De plus, l’article L. 520-1 du Code des assurances impose à l’intermédiaire d’assurance de fournir des informations relatives à son identité, son immatriculation, les procédures de recours et de réclamation, et les liens financiers avec des entreprises d’assurance.
Ensuite, l’assureur, comme ses intermédiaires sont tenus d’une obligation de conseil.
L’article L. 521-4 du Code des assurances consacre l’obligation de conseil et d’exacte information de l’assureur et des intermédiaires.
Ainsi, l’assureur doit s’assurer que les garanties proposées sont adaptées aux besoins de l’assuré, et cette obligation perdure tout au long de l’exécution du contrat.
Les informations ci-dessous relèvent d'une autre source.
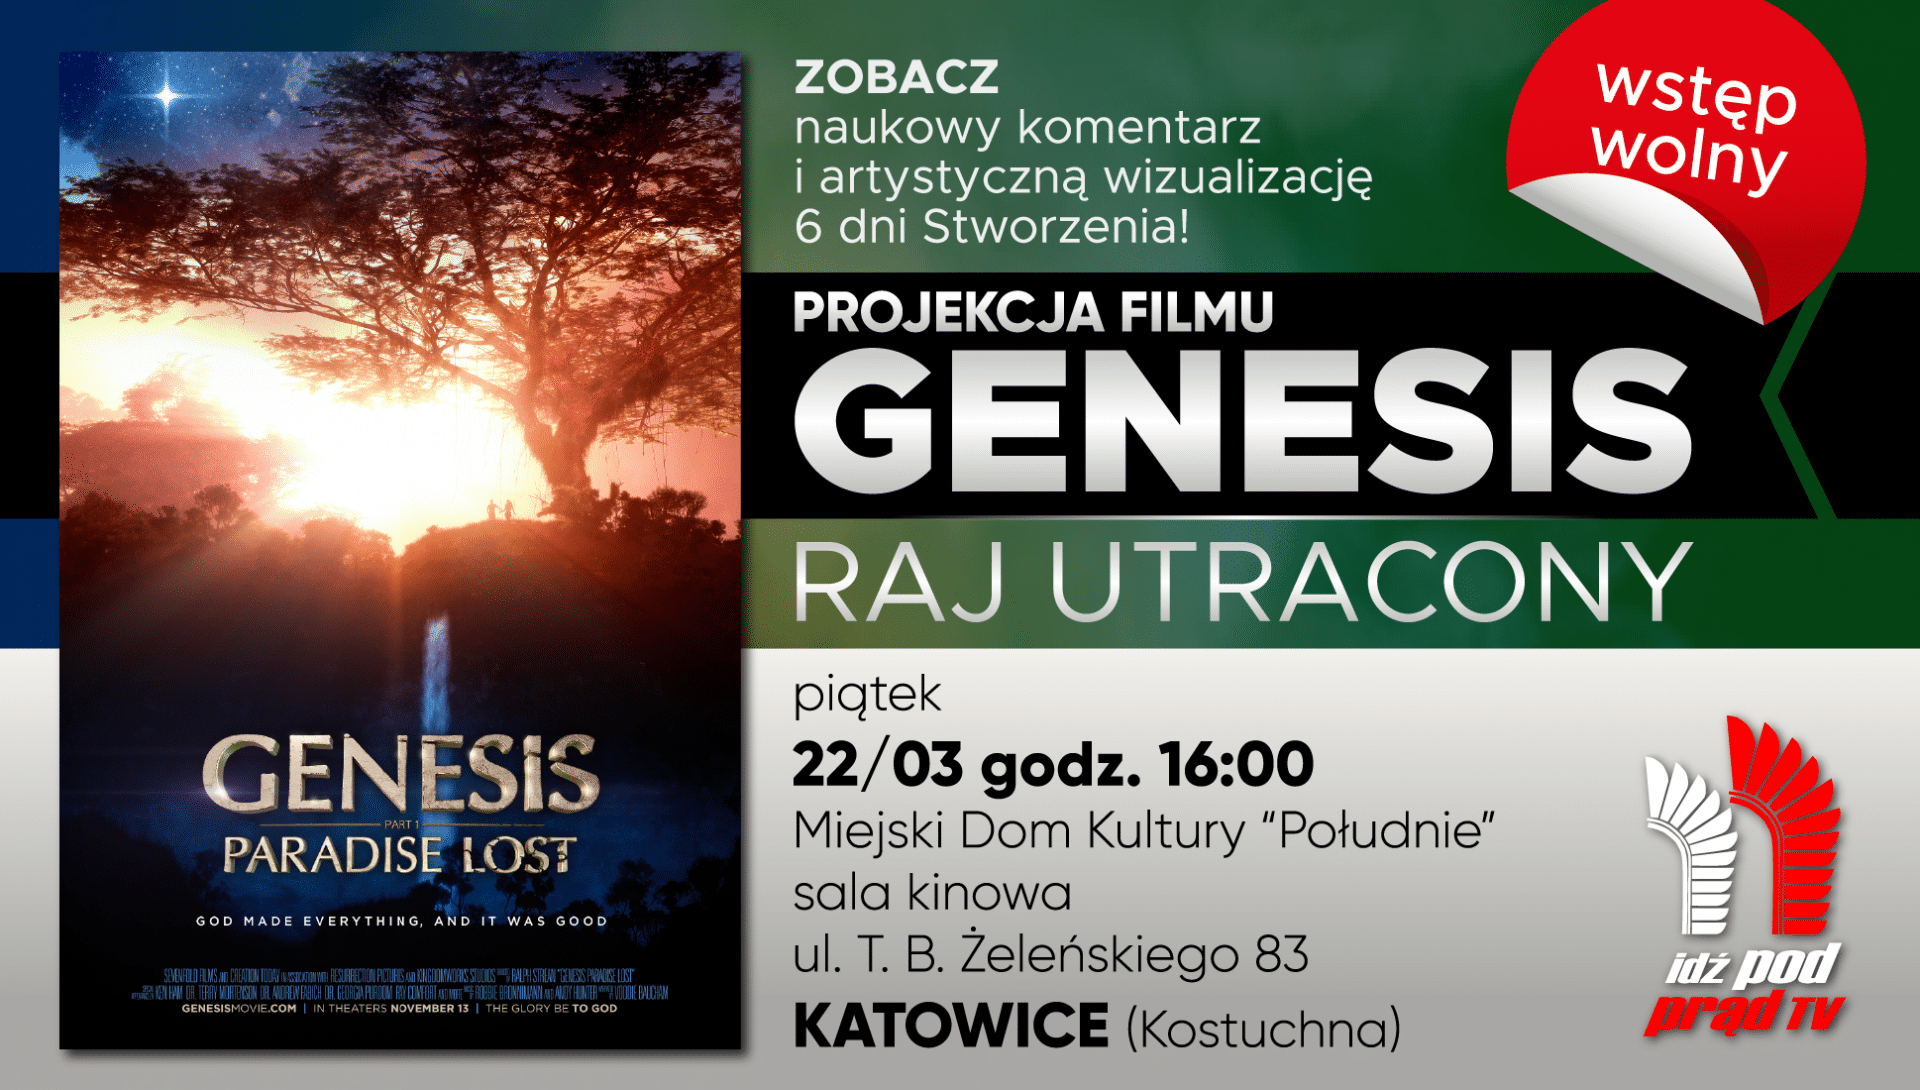 22/03/2019, KATOWICE: Genesis – Raj utracony – bezpłatna projekcja filmu

Cette obligation de conseil est une obligation de moyens, ce qui signifie que l’assureur doit mettre en œuvre tous les moyens nécessaires pour conseiller correctement l’assuré, même si les clauses du contrat sont claires et précises. L’assureur doit également informer l’assuré sur l’évolution législative, réglementaire ou jurisprudentielle susceptible d’influencer les garanties souscrites ou les risques.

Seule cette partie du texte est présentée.